Fiona has now been in high school for two weeks. It feels like a month! In both a bad way and a good way. Her life has been so crazy full that it feels like a month must have passed for all of that to have been packed in! But also … it has quickly started feeling normal and comfortable, not new and stressful, so it seems that surely she’s been at this for a while?
But “physics is hard.” This is something she’s mentioned a couple of times. It brings forward a lot of my own thoughts and worries and ponderings about education and parenting.
Because of our family preference for non-competitive activities and the sparse rural population of our area, almost all the group activities Fiona has participated in, even classes at the little school in New Denver, have been inclusive of a range of ages and levels. Community orchestra, STEM classes, dance technique classes, aikido, violin group classes and ensembles, choir … these have all been activities where there is no expectation that everyone be mastering the same material at the same level.
It has been a great way to grow and learn. She has been able to define her own learning trajectory and connect with people of a variety of ages and she has learned to be supportive and appreciative of those at different stages of their learning journeys. She has sometimes been a role model and at other times aspired to the models others provide, and she has not suffered the baggage of the ‘imposter syndrome’ that precocious natural learners often experience in comparative environments because they know they did comparatively little work for their high ranking. But for all that lack of measuring and comparing with matched peers, it’s been clear to her that she is a very quick learner. Often she is at the top end of a class. She’ll be the one who always gets what the teacher or coach is explaining right away, the one who already knows much of what is being taught, the one who helps kids who are struggling because she already accomplished her own learning task for the day, the one who is ready for the next thing soonest. If she is at the lower end of a class, she sees that the competence gap between herself and the most capable students decreases precipitously in size over time.
Now, however, she’s in a narrowly levelled group learning environment that has clear yardstick of grades. Honours Physics 11 is the first of three courses in the AP physics stream, and it’s populated by high achieving math-and-science-keen Grade 11 and 12 students. These are the most academically capable kids from the group that is 3+ years older than she. And it’s … different. She finds that she has to work longer and harder than some of the other students to understand the concepts and to complete the work.

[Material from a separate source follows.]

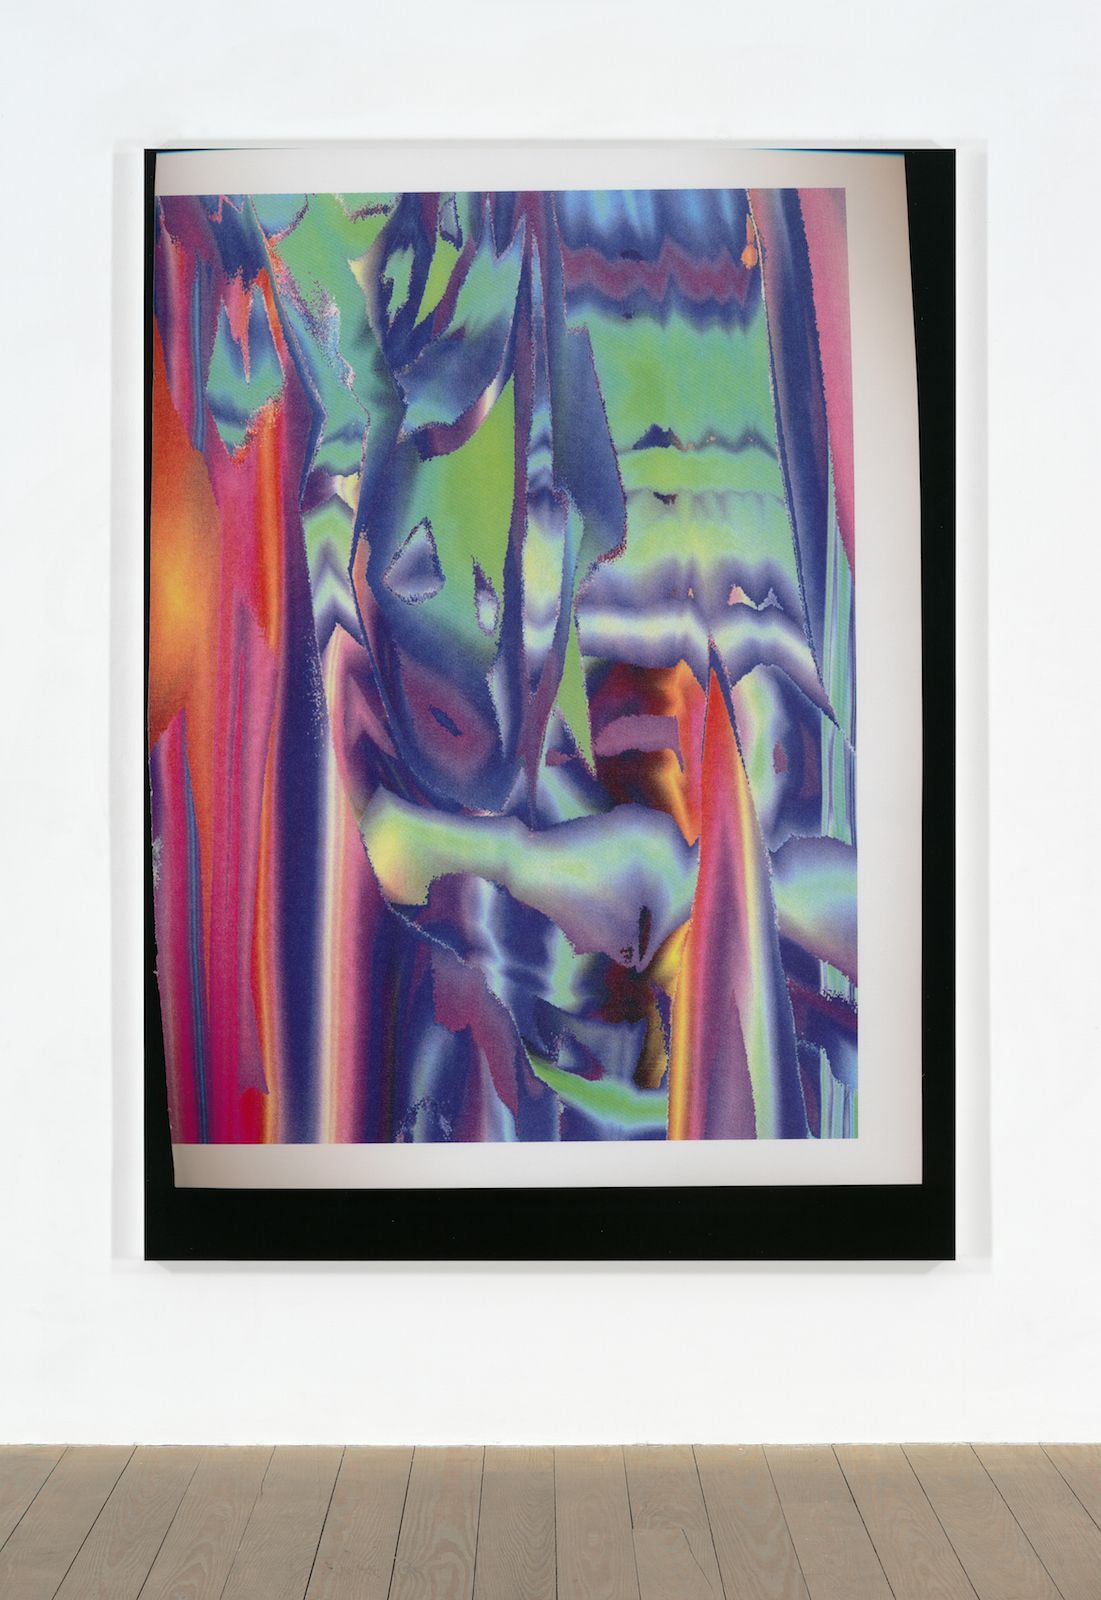 Travess Smalley, Untitled (Feb_24_2015_Floral_LuluBook_Scan 13), 2015, UV coated digital pigment print mounted on aluminum frame, 81 1⁄2  × 59 1⁄2  × 1 1⁄2  in. ( 207.01  × 151.13  × 3.81  cm)

She’s not necessarily the fastest, most capable student. She’s not an outlier, in fact, by anything other than age (and that’s a relatively invisible exceptionality: she’s probably the only person in the room who knows she’s a 13-year-old tenth-grader rather than a 15-year-old one).
So she’s having to adjust her expectations for herself. She needn’t panic if she isn’t the first to grasp a concept. She needn’t panic if the homework problems are challenging. That is normal for most students. And it’s a New Normal for her.
It’s not that she’s never worked hard to learn something before. It’s that when she’s worked hard, she’s done so on her own timetable, with only her own desire for mastery as the goal. Failure would have been a personal affair, not a public one, and it would have been easy to dial back the pace or rein in the goals if the ambitions had begun to seem unrealistic. In the school environment, that privacy and control is minimal.
Chemistry 11 (non-honours) is still pretty much a cakewalk for her. And she has grades of 100% so far in both chem and physics, so these advanced courses clearly aren’t too hard. But having to work in order to master what someone else expects of you in a structured, graded, comparative environment … that’s something physics is giving her that is new.
I think the level is right, and I think the timing is right. Although I generally prefer internally-driven self-directed learning, I know that there are times and places in life when we have to be comfortable measuring ourselves against external benchmarks and mid-adolescence seems the right time to begin trying that out. I think she’ll calibrate her self-concept in this new environment and end up feeling successful.